**WORK TO COMPLETE**. Although the records contain pictures, only their text should be set down, exactly as written.

**RECORD EXCERPTS**.
Start of Block

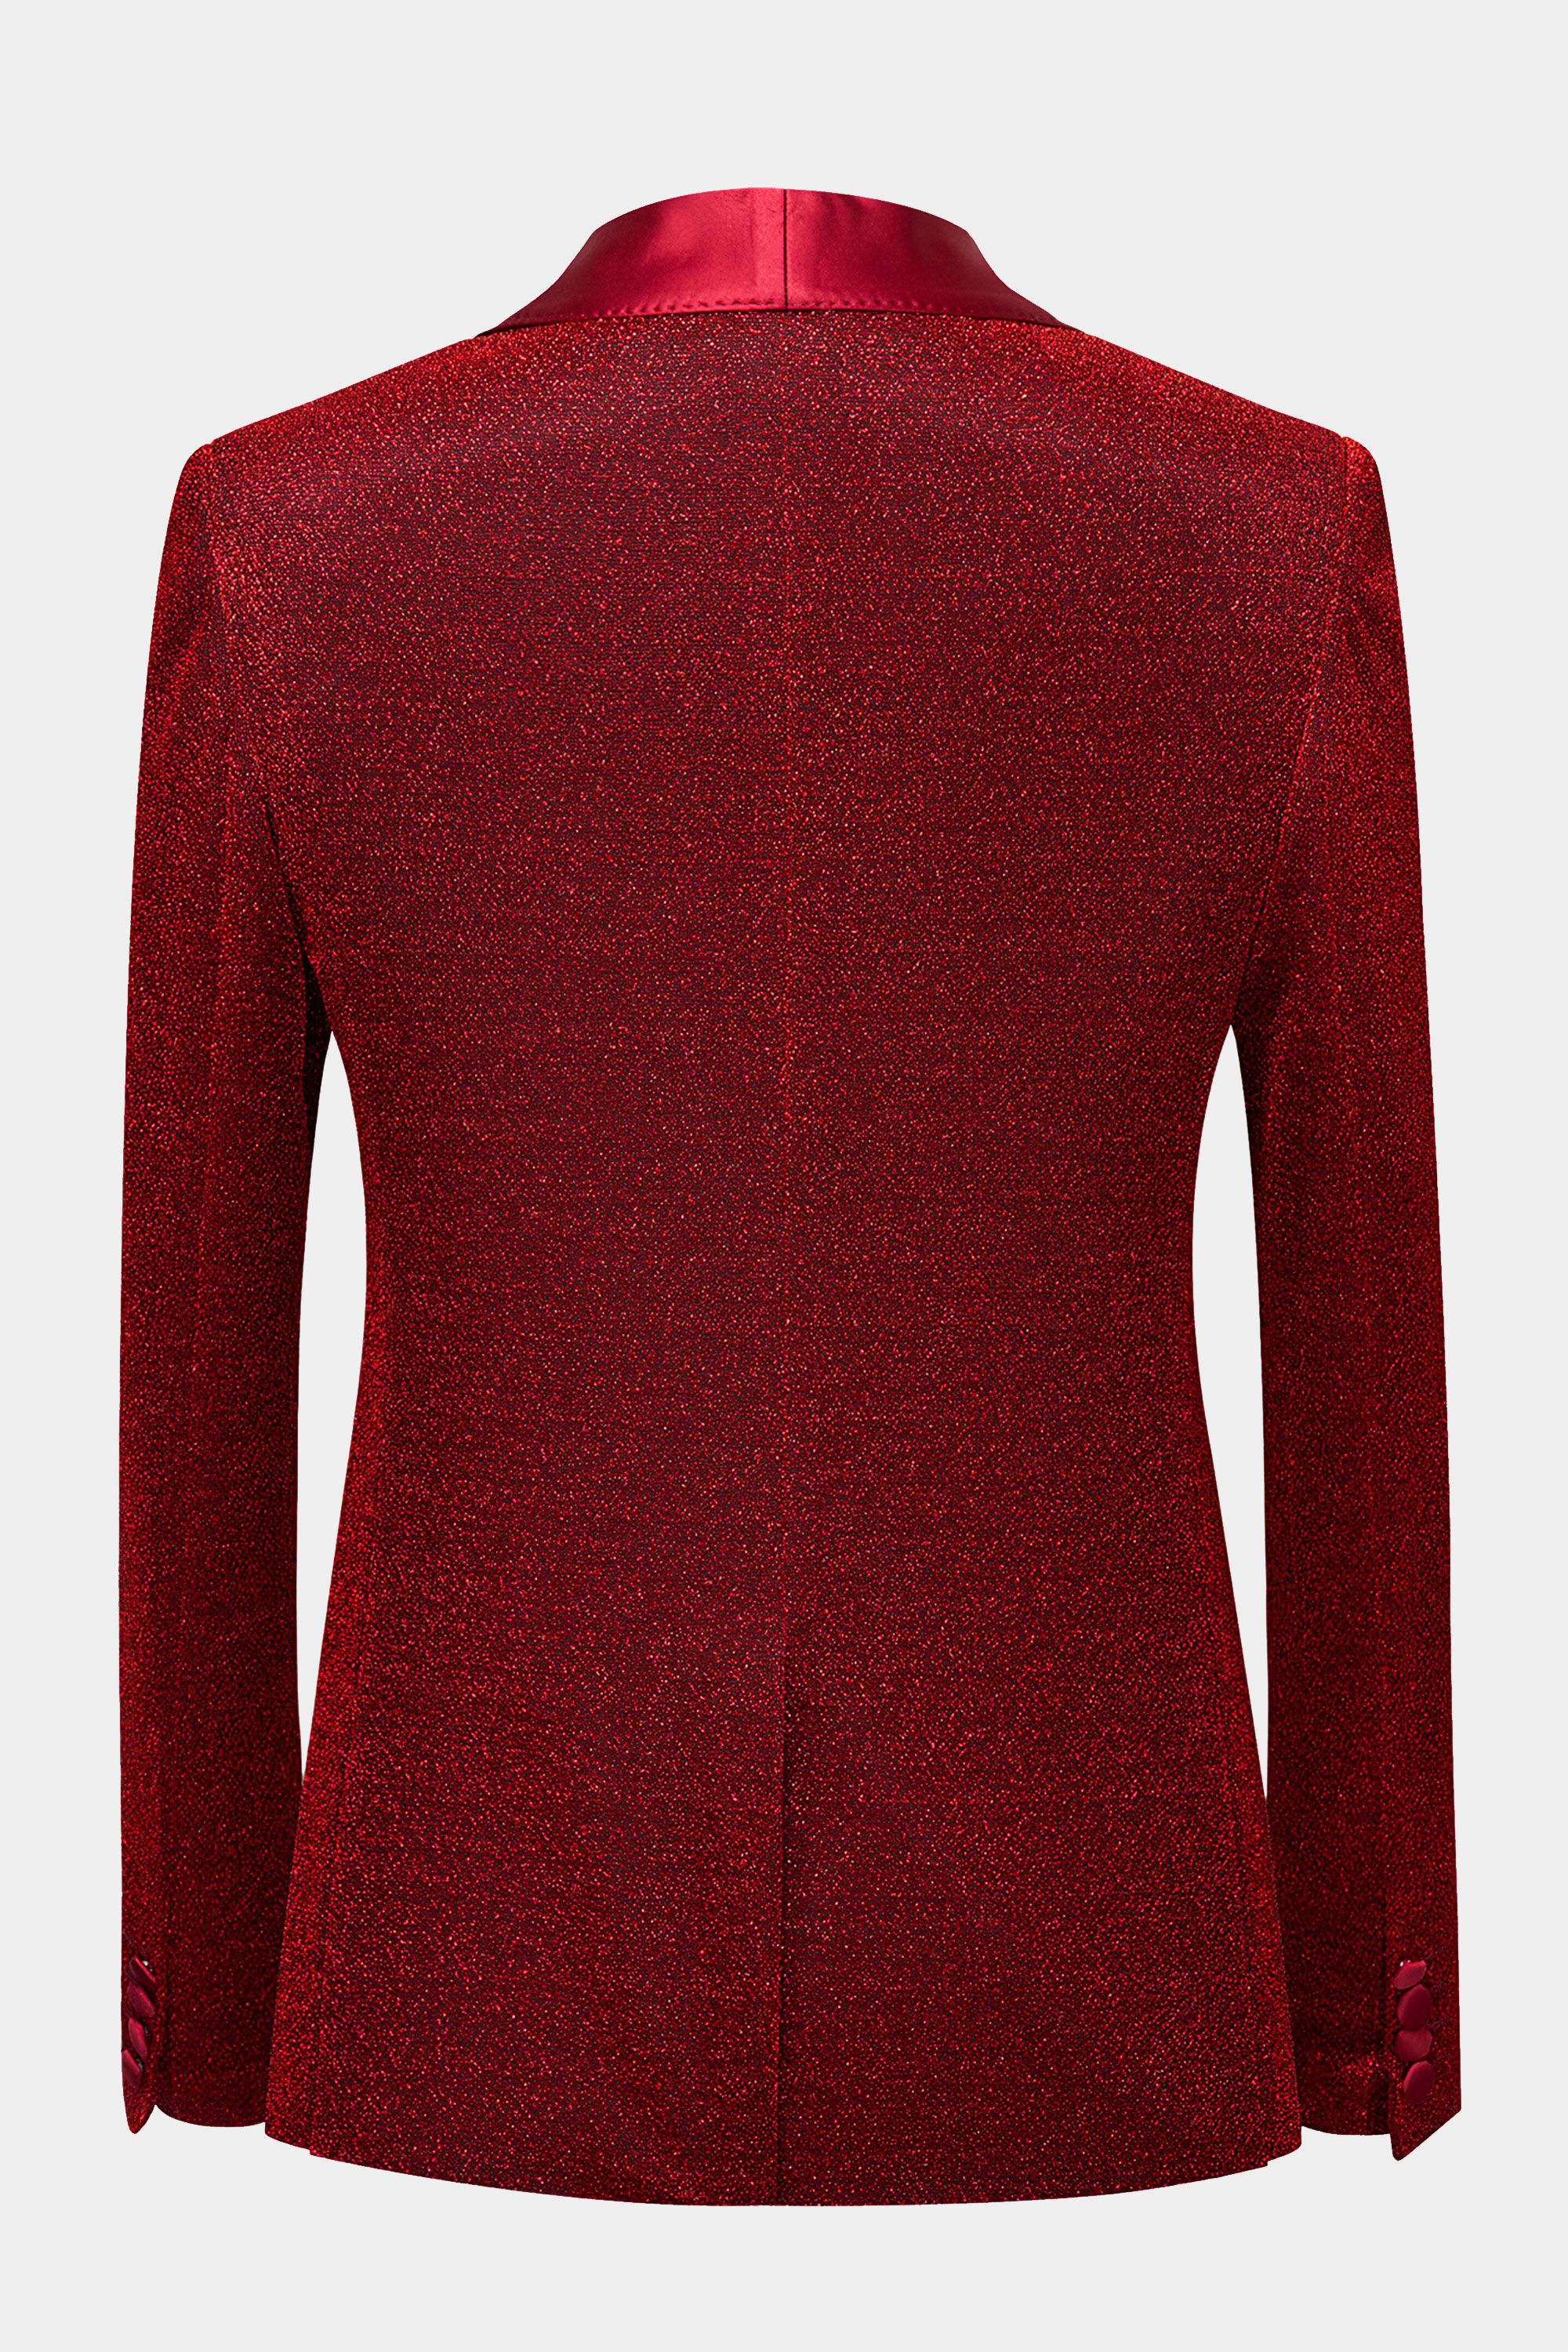 Mens-Red-Glitter-Tuxedo-Jacket-from-Gentlemansguru.com
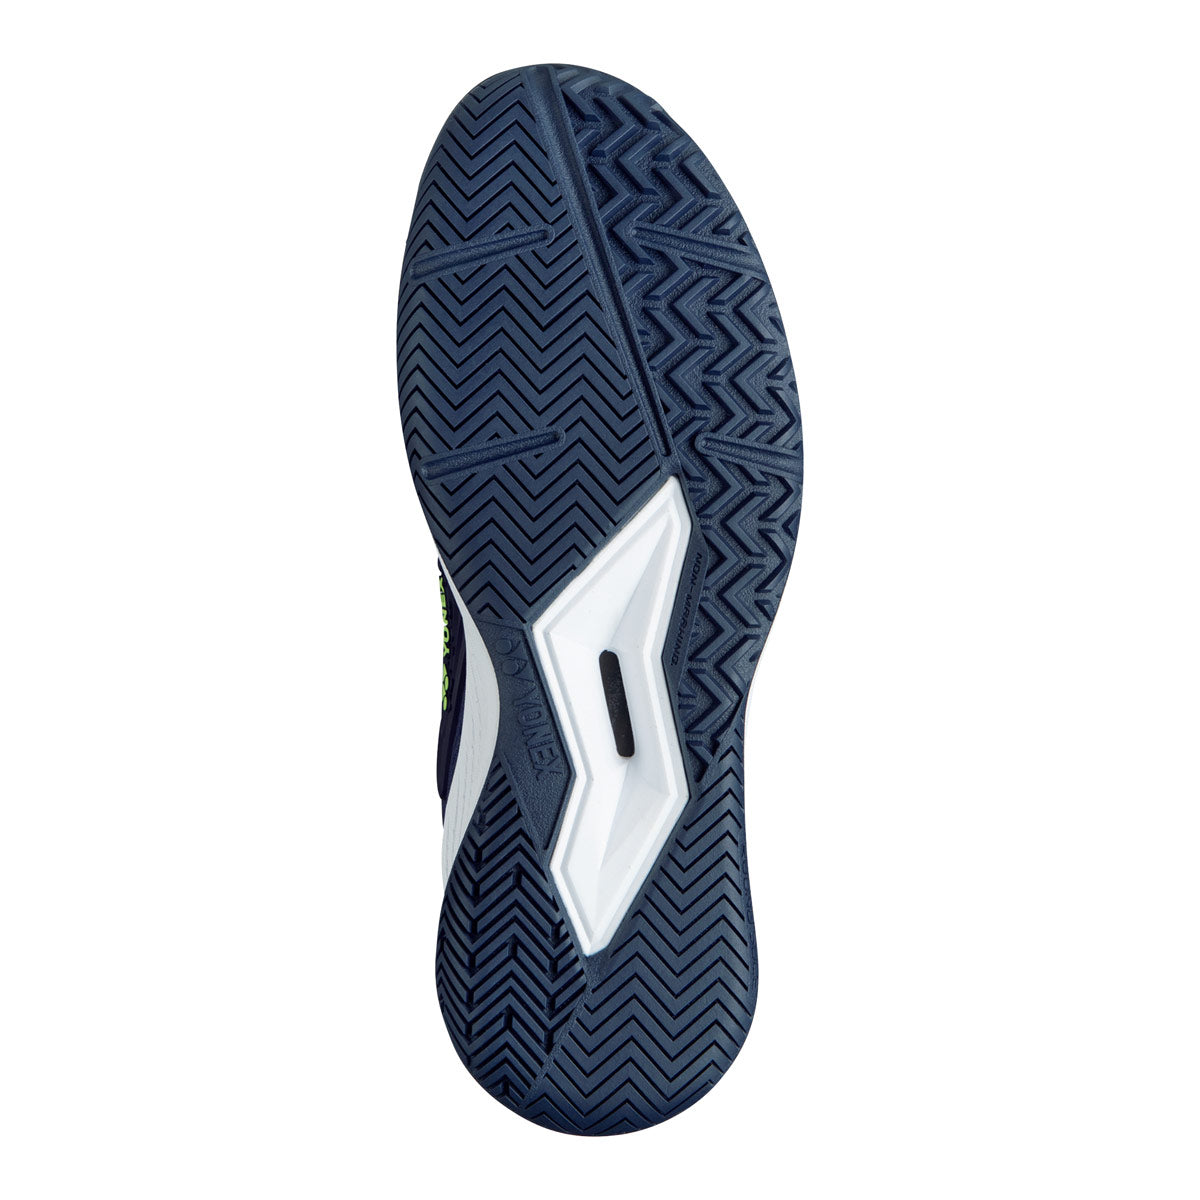 Yonex Eclipsion 4 Tennis Shoes Mens (Navy Blue)
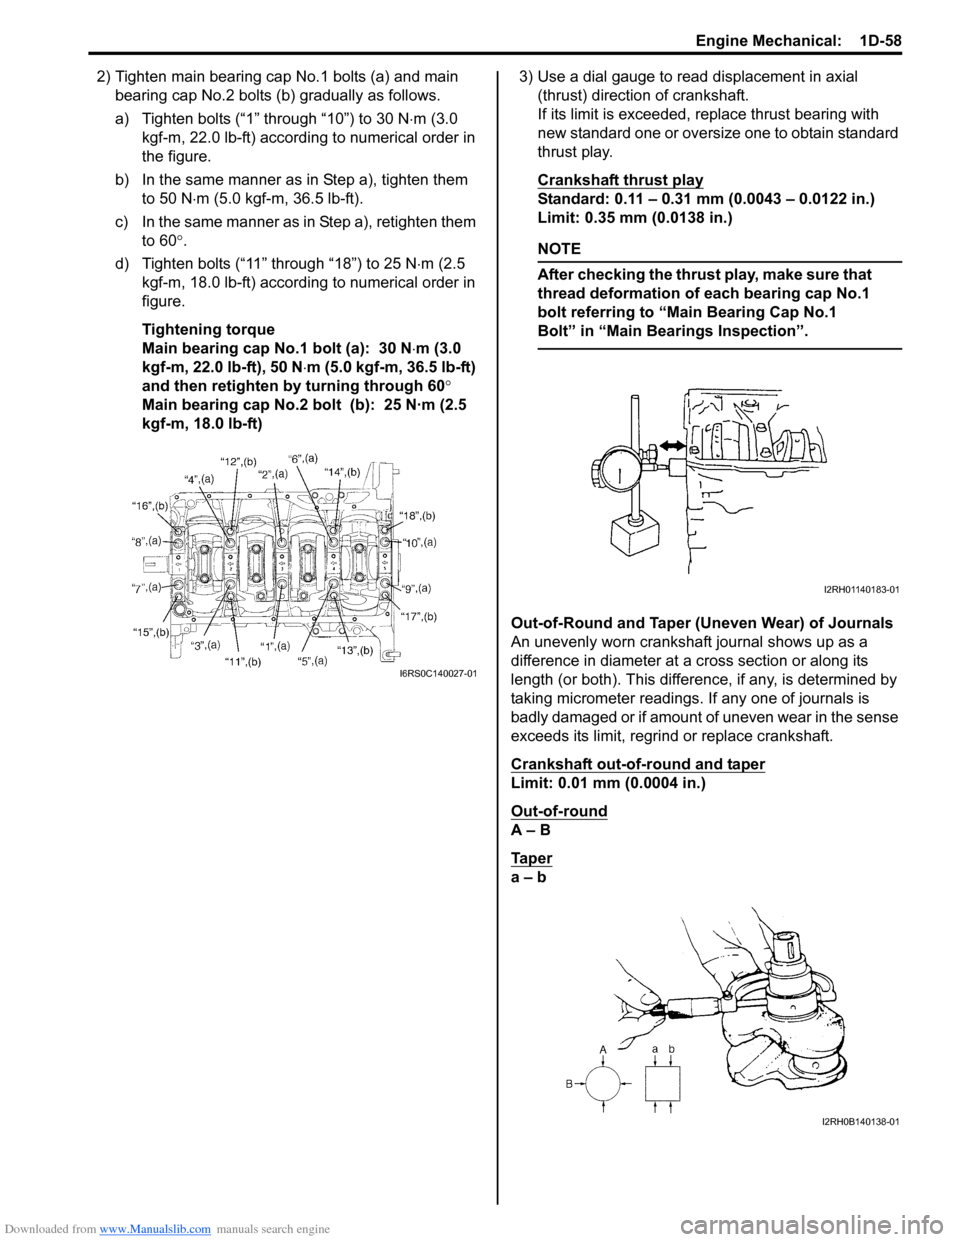 SUZUKI SWIFT 2006 2.G Service Workshop Manual Downloaded from www.Manualslib.com manuals search engine Engine Mechanical:  1D-58
2) Tighten main bearing cap No.1 bolts (a) and main bearing cap No.2 bolts (b ) gradually as follows.
a) Tighten bolt

End of Block

**EXERCISE RESPONSE**.
 Mens-Red-Glitter-Tuxedo-Jacket-from-Gentlemansguru.com
 Yonex Eclipsion 4 Tennis Shoes Mens (Navy Blue)
 SUZUKI SWIFT 2006 2.G Service Workshop Manual Downloaded from www.Manualslib.com manuals search engine Engine Mechanical:  1D-58
2) Tighten main bearing cap No.1 bolts (a) and main bearing cap No.2 bolts (b ) gradually as follows.
a) Tighten bolt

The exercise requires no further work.